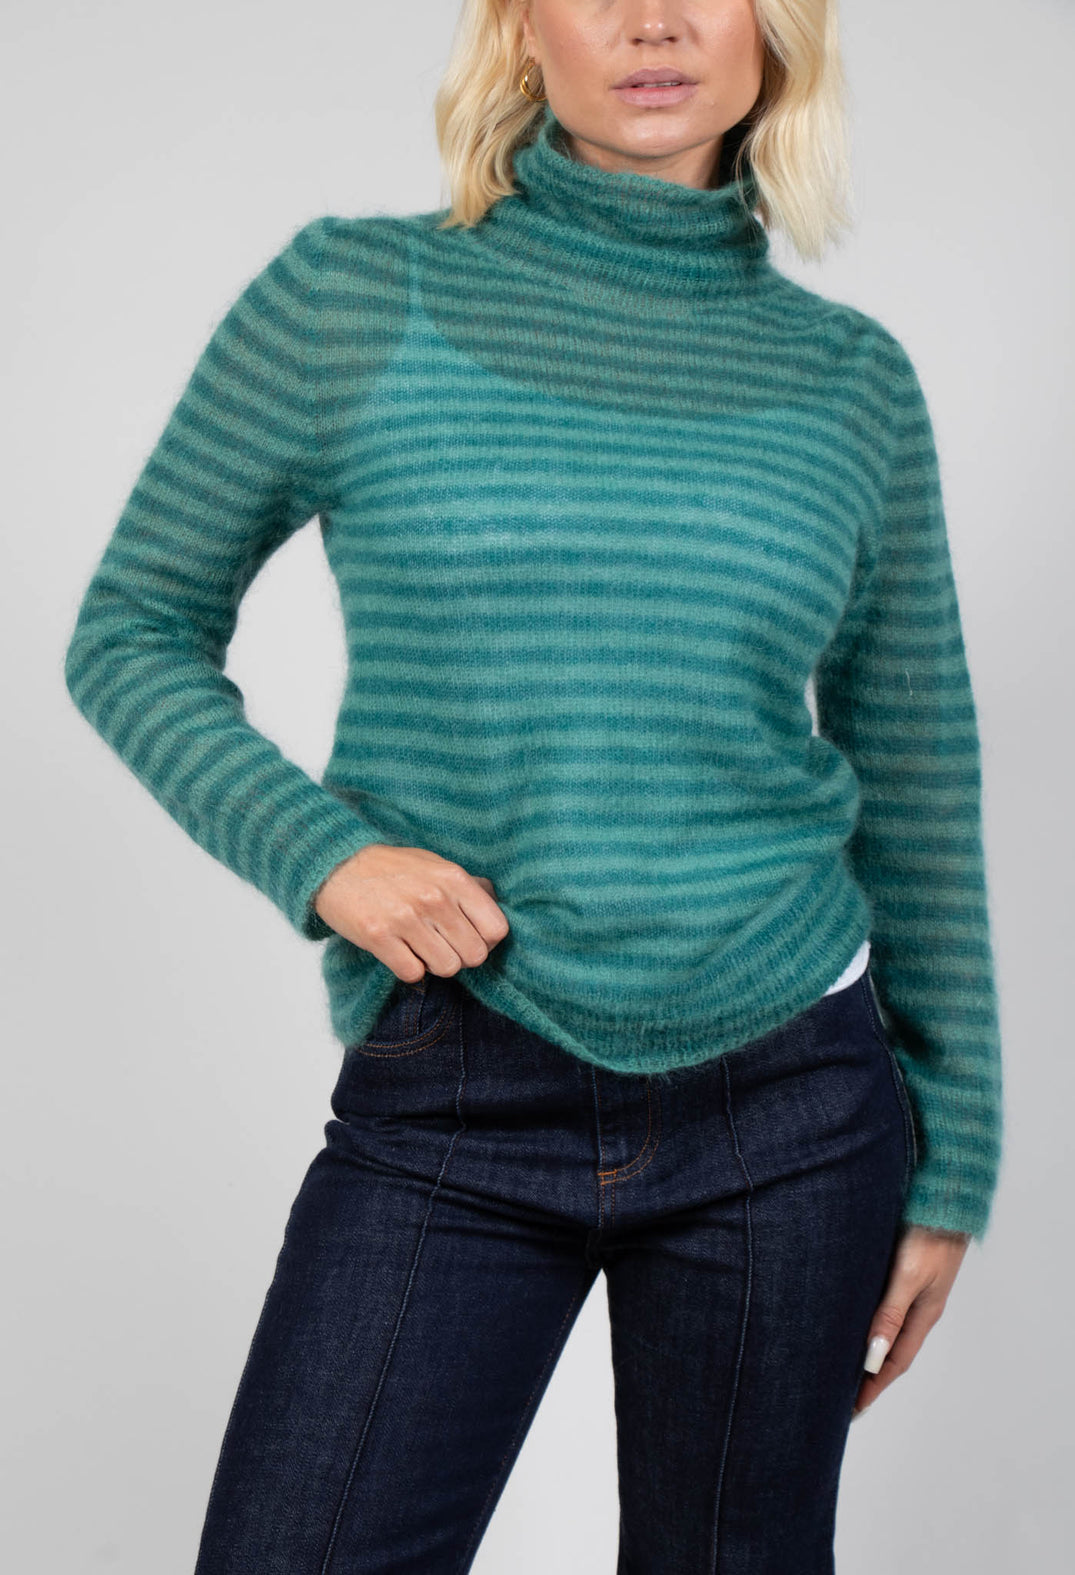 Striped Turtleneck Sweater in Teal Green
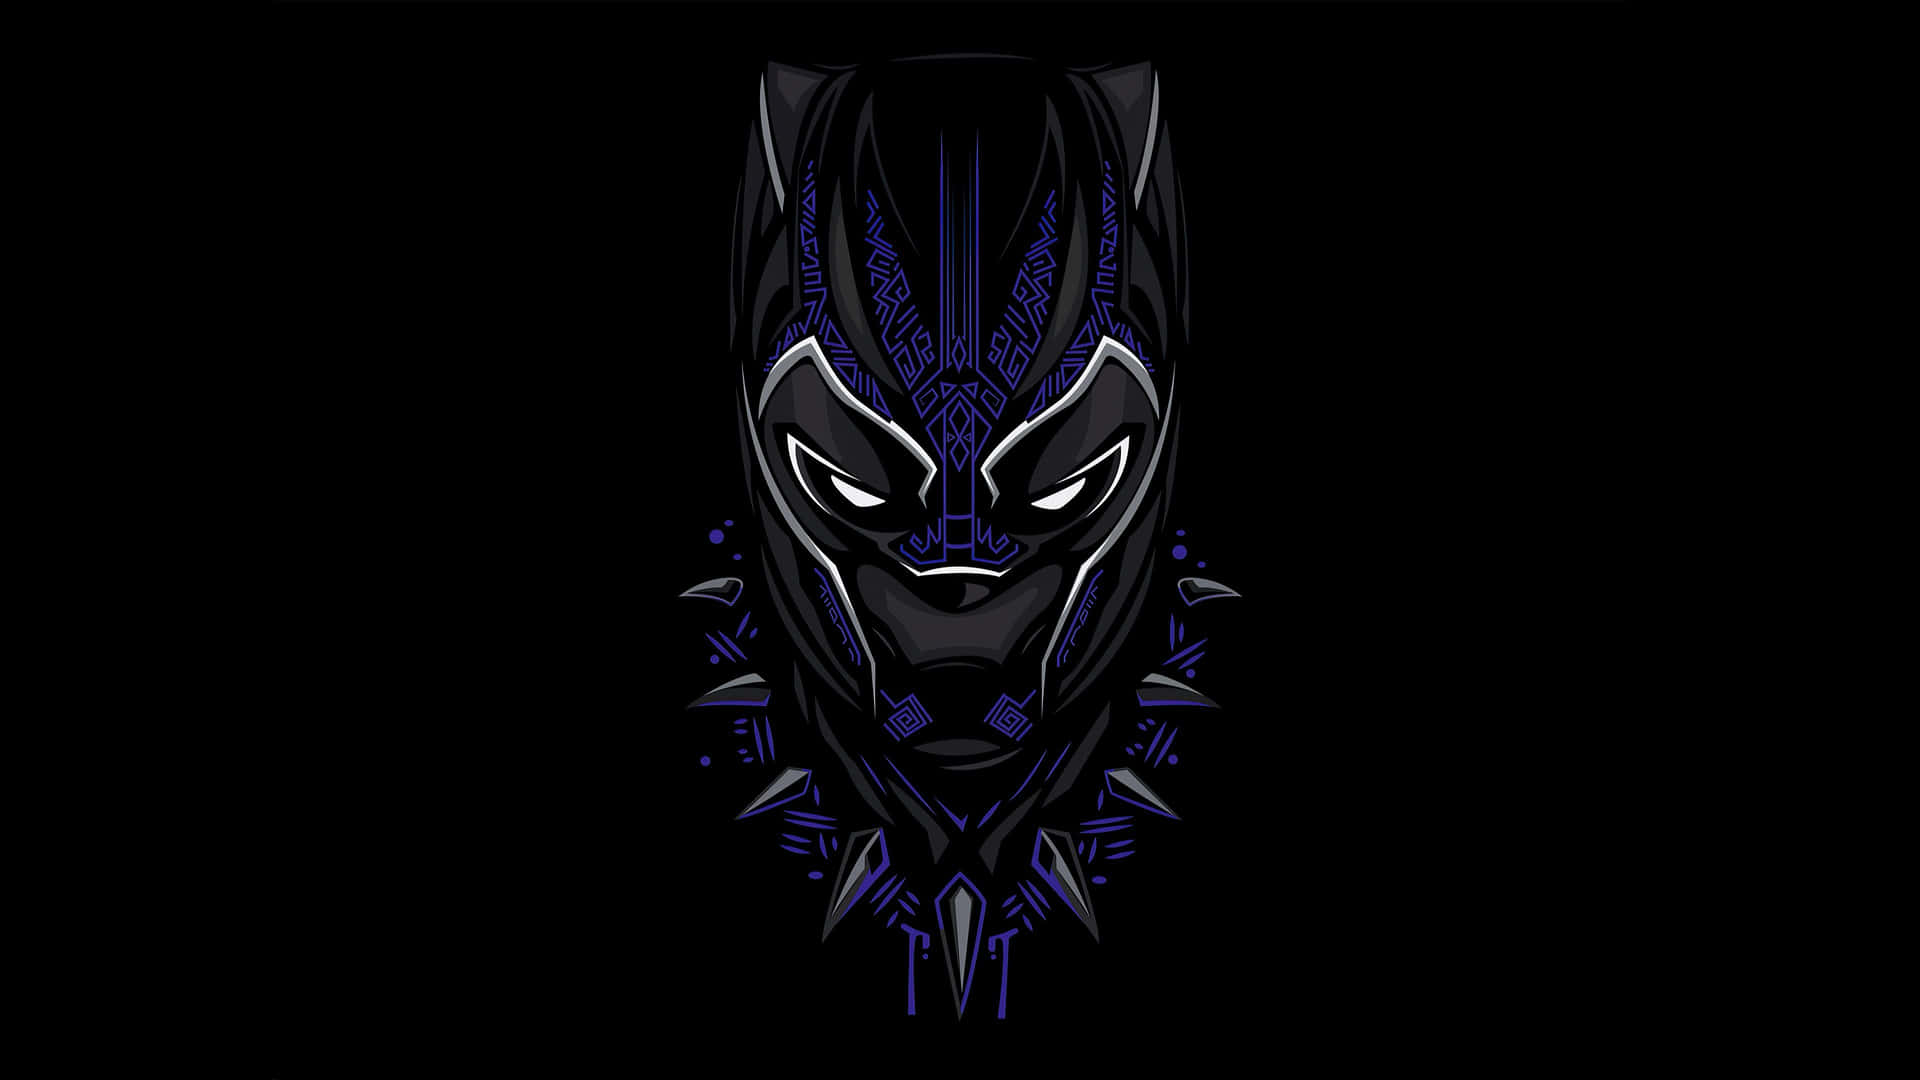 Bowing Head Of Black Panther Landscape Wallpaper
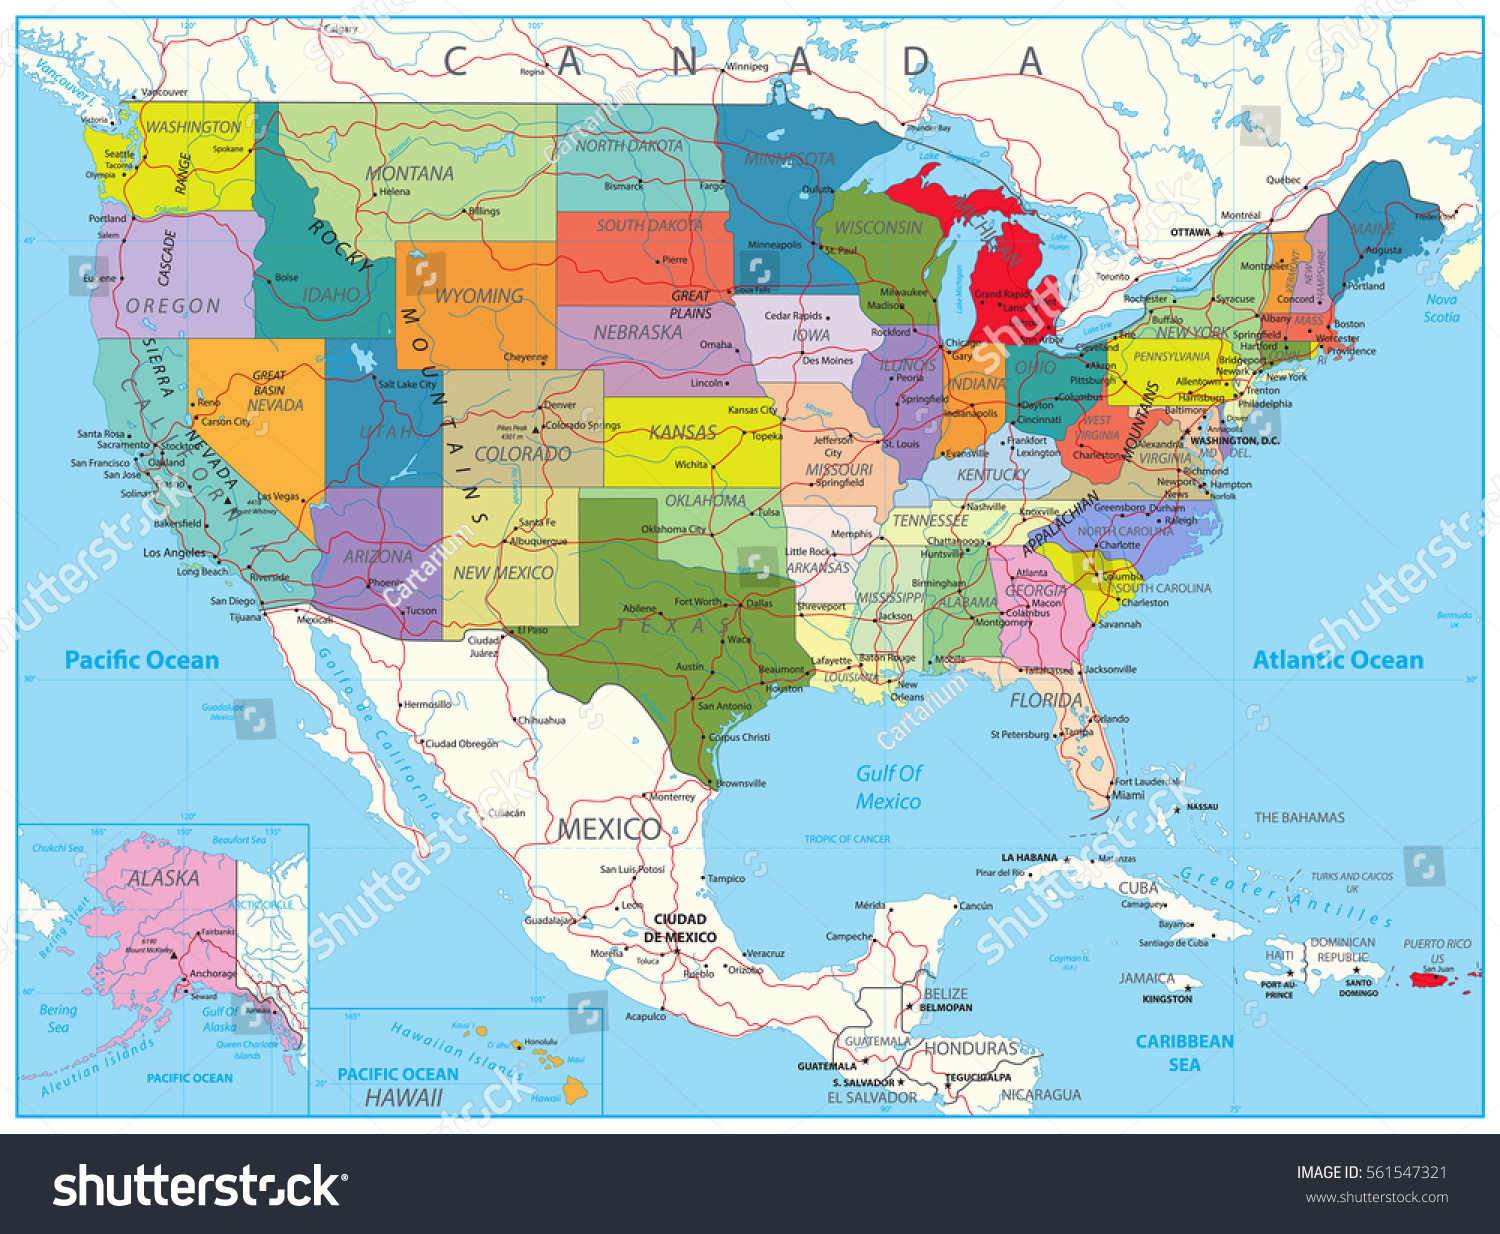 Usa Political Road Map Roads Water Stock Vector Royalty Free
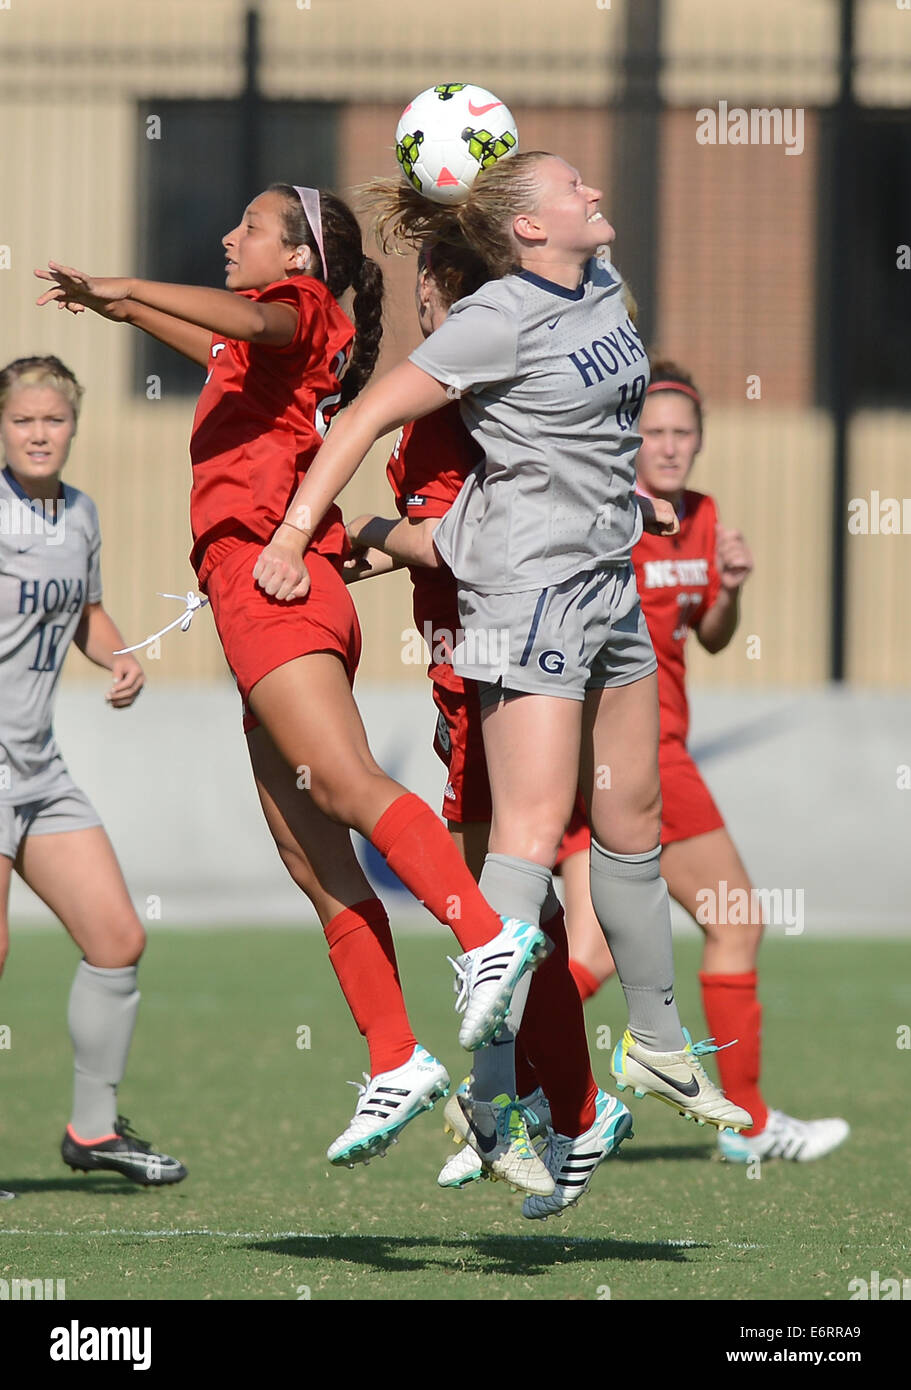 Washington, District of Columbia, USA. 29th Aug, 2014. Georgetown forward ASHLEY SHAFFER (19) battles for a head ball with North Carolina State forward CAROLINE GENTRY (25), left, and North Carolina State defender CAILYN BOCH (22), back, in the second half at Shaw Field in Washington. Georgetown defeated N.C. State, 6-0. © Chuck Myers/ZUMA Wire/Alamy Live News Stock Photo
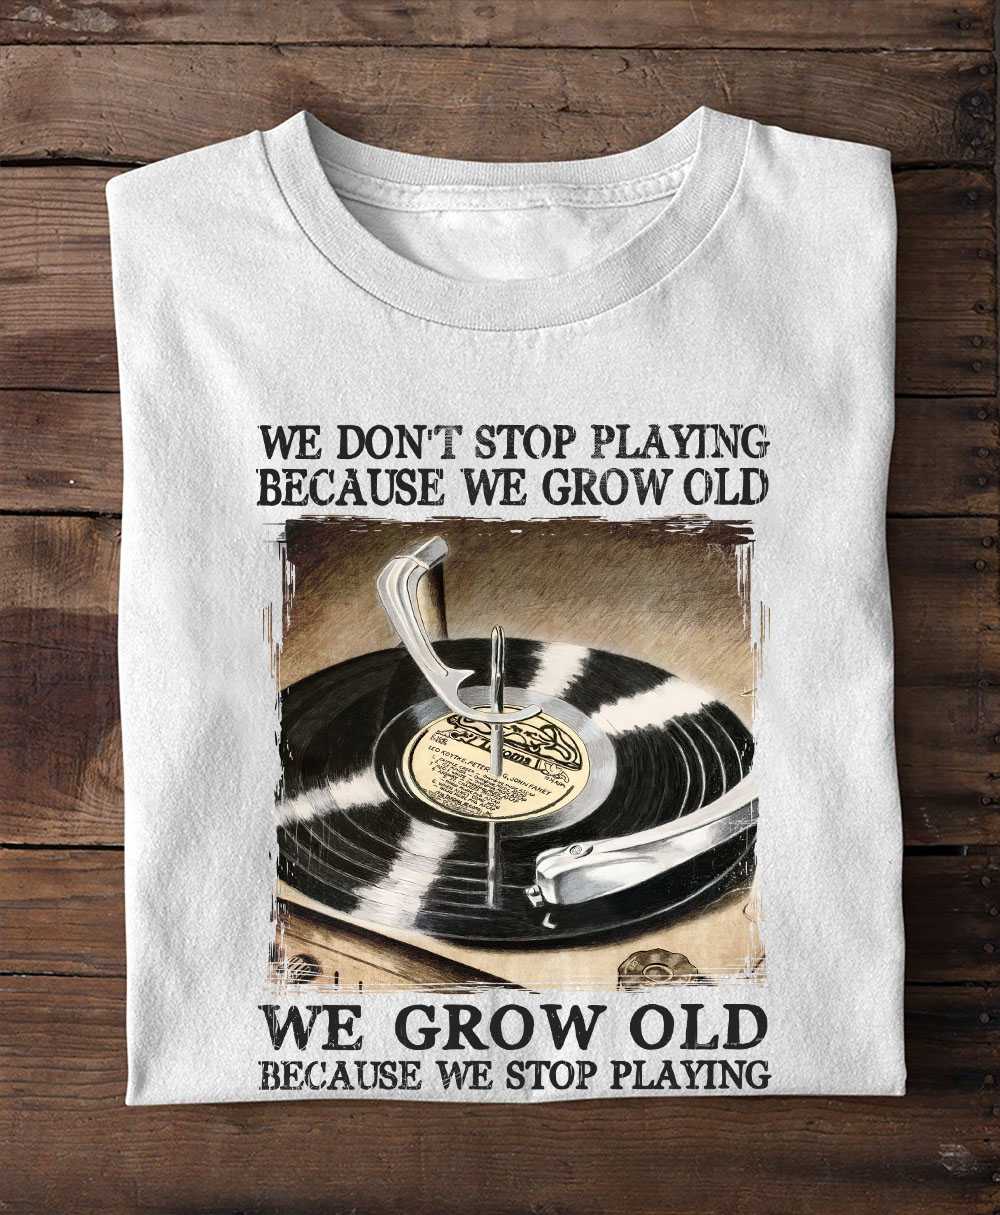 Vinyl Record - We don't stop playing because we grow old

══════════════════════════════

▸ Task description
Copy each line of the records above without change, but do not include any picture.

▸ Your response
 Striped Turtleneck Sweater in Teal Green
 Bowing Head Of Black Panther Landscape Wallpaper
 Usa Political Road Map Roads Water Stock Vector Royalty Free
 Washington, District of Columbia, USA. 29th Aug, 2014. Georgetown forward ASHLEY SHAFFER (19) battles for a head ball with North Carolina State forward CAROLINE GENTRY (25), left, and North Carolina State defender CAILYN BOCH (22), back, in the second half at Shaw Field in Washington. Georgetown defeated N.C. State, 6-0. © Chuck Myers/ZUMA Wire/Alamy Live News Stock Photo
 Vinyl Record - We don't stop playing because we grow old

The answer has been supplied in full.